By far, the most important issue facing Latin America today is governance, he says.
"The crises we face are not crises of ideology or the military kind, they're basically governance issues: instability, lack of transparency and problems with bureaucracy," said Insulza. Those issues are behind the current uprisings this year in Bolivia, Ecuador and Nicaragua.
In Bolivia, angry indigenous movements have already ousted two democratically elected presidents — Gonzalo Sánchez de Lozada and Carlos Mesa — while in Ecuador, Lucio Gutiérrez was thrown out as president earlier this year by angry mobs following allegations of corruptions. The new president, Alfredo Palacio, is Ecuador's fifth head of state in less than 10 years.
Nevertheless, Insulza says he's "quite confident" that the political situation in Bolivia will be resolved, and that the country will hold elections by year's end.
"We only hope that Bolivia will begin a new period of stability," he said. "We're also going to sign an agreement with Ecuador to encourage the democratic process, and we have a special mission in Nicaragua working toward stability and a reasonable outcome to the confrontation there."
But political chaos is hardly the only crisis plaguing Latin America.
"In security matters, certainly drugs are a major problem. We have to deal not only with organized crime but also common crime in the cities, and gangs pose a big threat," said the OAS chief. "In matters of development, we must deal with institutional bottlenecks to fulfill the [United Nations] Millennium Goals."
"Each international organization should have its own agenda, especially in matters of poverty. Let's see what each of us can do towards [achieving the] common Millennium Goals, instead of inventing a new agenda."
One item on Insulza's agenda that won't please everyone, however, is passage of the Central American Free Trade Agreement. The OAS chief says CAFTA is a crucial step in furthering the cause of free trade and economic integration, though many members of Congress oppose it on protectionist, labor or environmental grounds.
"Most of the things that are said against CAFTA are not true," he said. "Of course, I'm personally in favor of CAFTA, and I assume that everyone working in this organization is also in favor."
Insulza said it's important that Congress approve the legislation, which he said "will certainly give new impulse to trade negotiations," and that there should be some political review of the Free Trade Area of the Americas initiative supported by the White House.
Meanwhile, relations between the OAS and the United States are "very good," insists Insulza, despite Washington's initial opposition to his candidacy.
"I've met President Bush, I've seen Rice several times, and I have daily access [to the State Department]," he said. "The United States is paying the largest amount of the OAS budget, and is helping in a lot of projects. They consult us regularly on Latin America."

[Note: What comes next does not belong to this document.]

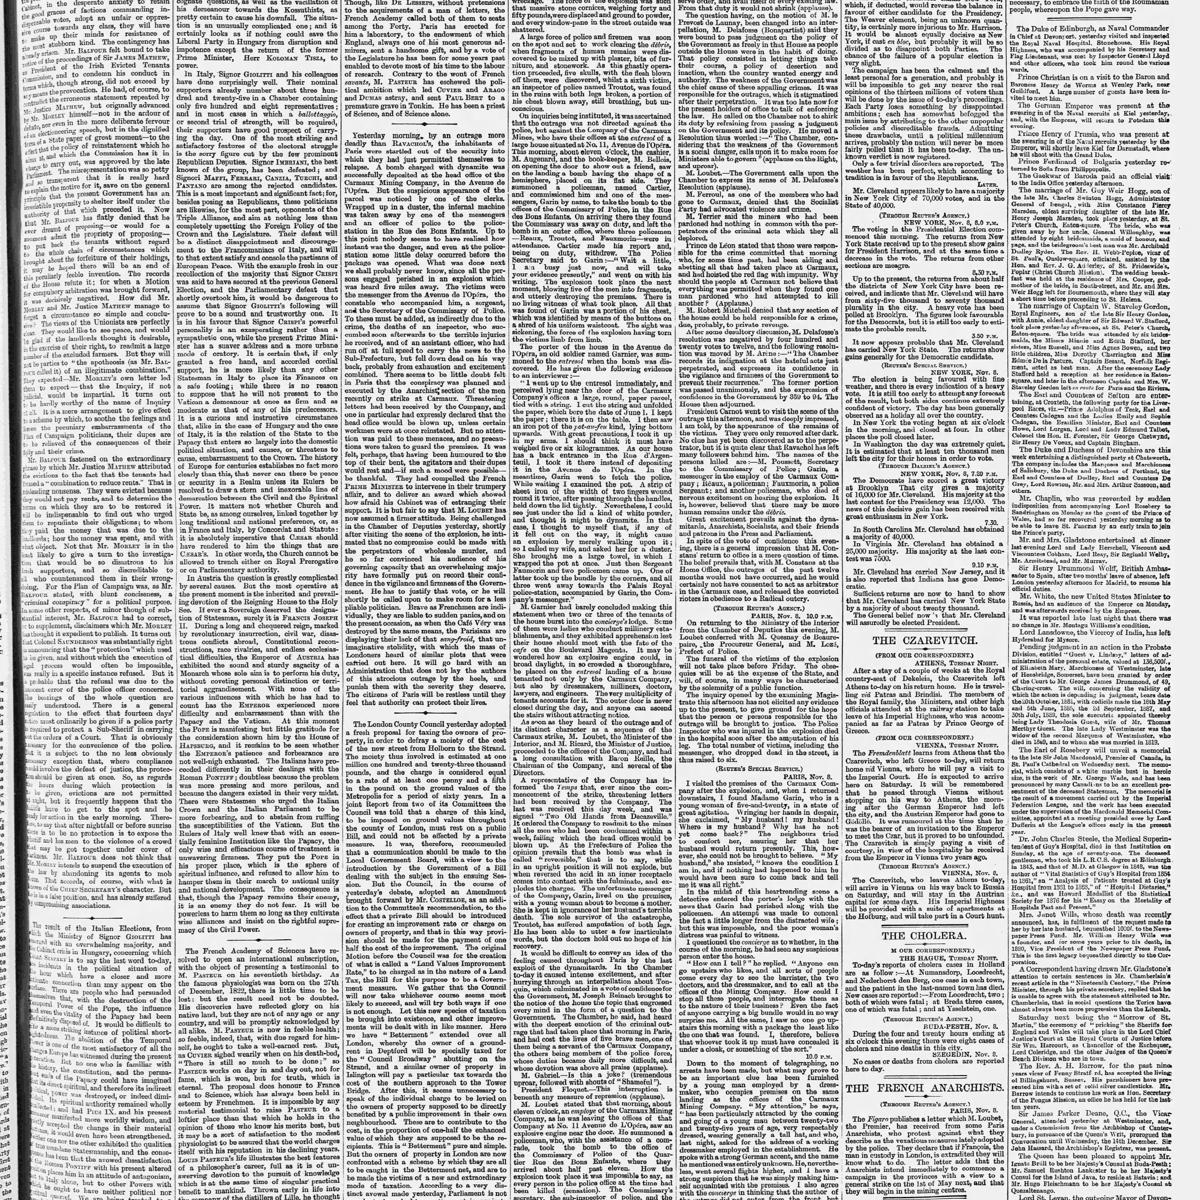 The Standard, 1892-11-09, page 5

This year, the OAS general budget is only $76 million — compared to $110 million in 1994. Most of the remaining 40% that doesn't come from the United States is contributed by only five countries: Canada, Argentina, Brazil, Mexico and Chile.
While the $76 million doesn't include allocations for special projects, says Insulza, it's clearly not enough to keep the OAS going.
"That's compounded by the fact that contributions are not paid on time," he complained. "We should raise the contributions to make them more according to each countries' level of development. We hope to have that issue solved by the end of this year."